In their opinion, Judges Evans, Williams and Tinder affirmed. The Court first noted its extremely deferential review. First, Rule 60(b) is itself an extraordinary remedy. Second, appellate review proceeds under an "extremely deferential" standard. Third, here, the Eskridges did not appeal from the original Rule 60(b) order but only from the denial of their request for reconsideration.
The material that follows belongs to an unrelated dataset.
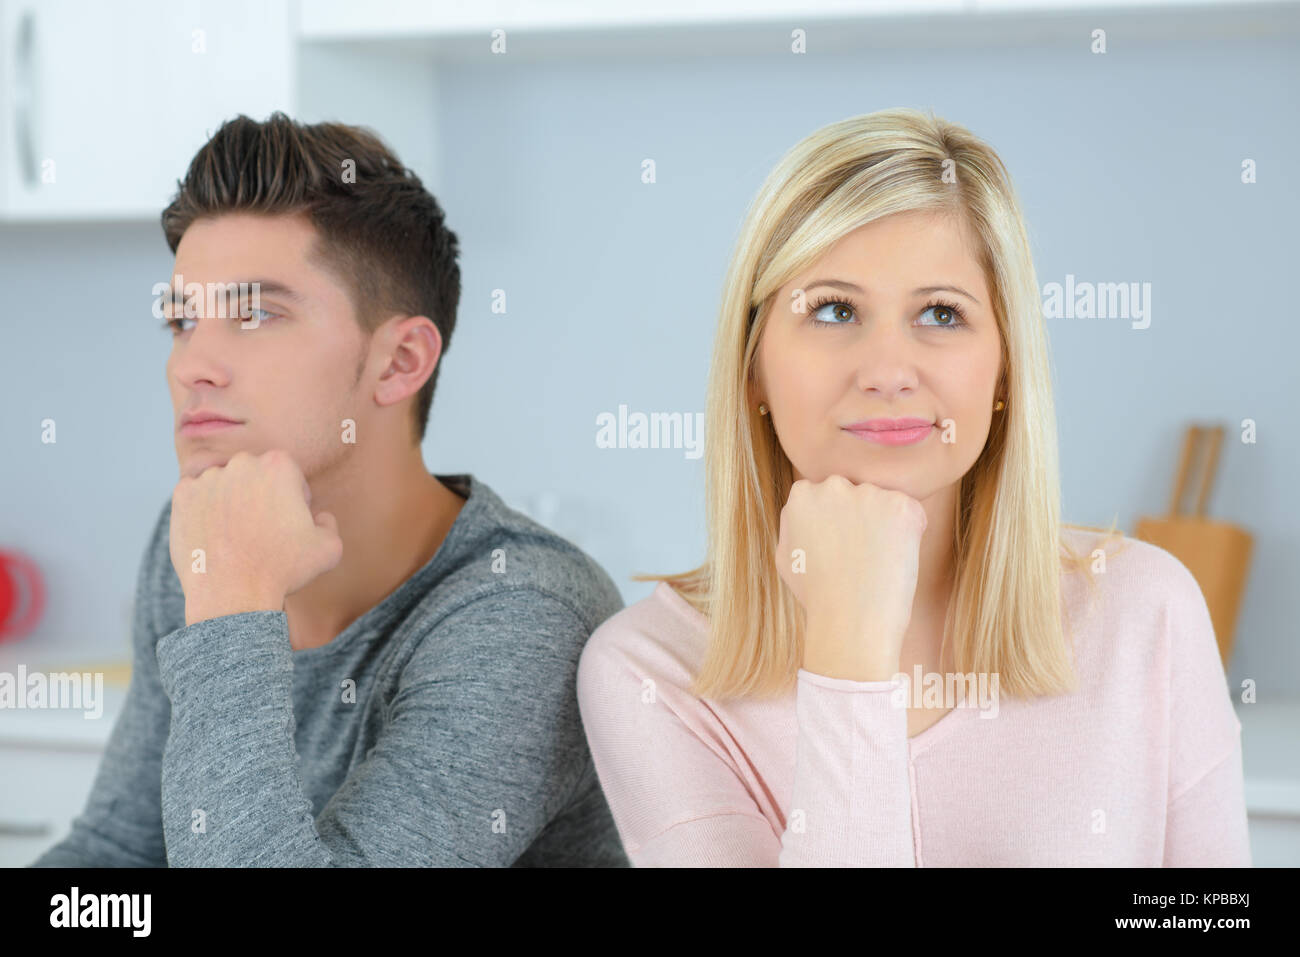 man and woman with their chins on their hands Stock Photo

On the merits, The Court noted that relief under Rule 60(b) typically involves a misunderstanding. Here, the Eskridges' attorney asked for the relief granted. The fact that he did not anticipate the actual consequences of his request does not compel the relief requested.

Under The FDCPA, A Threat To Take Illegal Action May Be So Clear That A Plaintiff Need Not Present Extrinsic Evidence That An Unsophisticated Consumer Would Interpret It So

RUTH v. TRIUMPH PARTNERSHIPS (August 17, 2009)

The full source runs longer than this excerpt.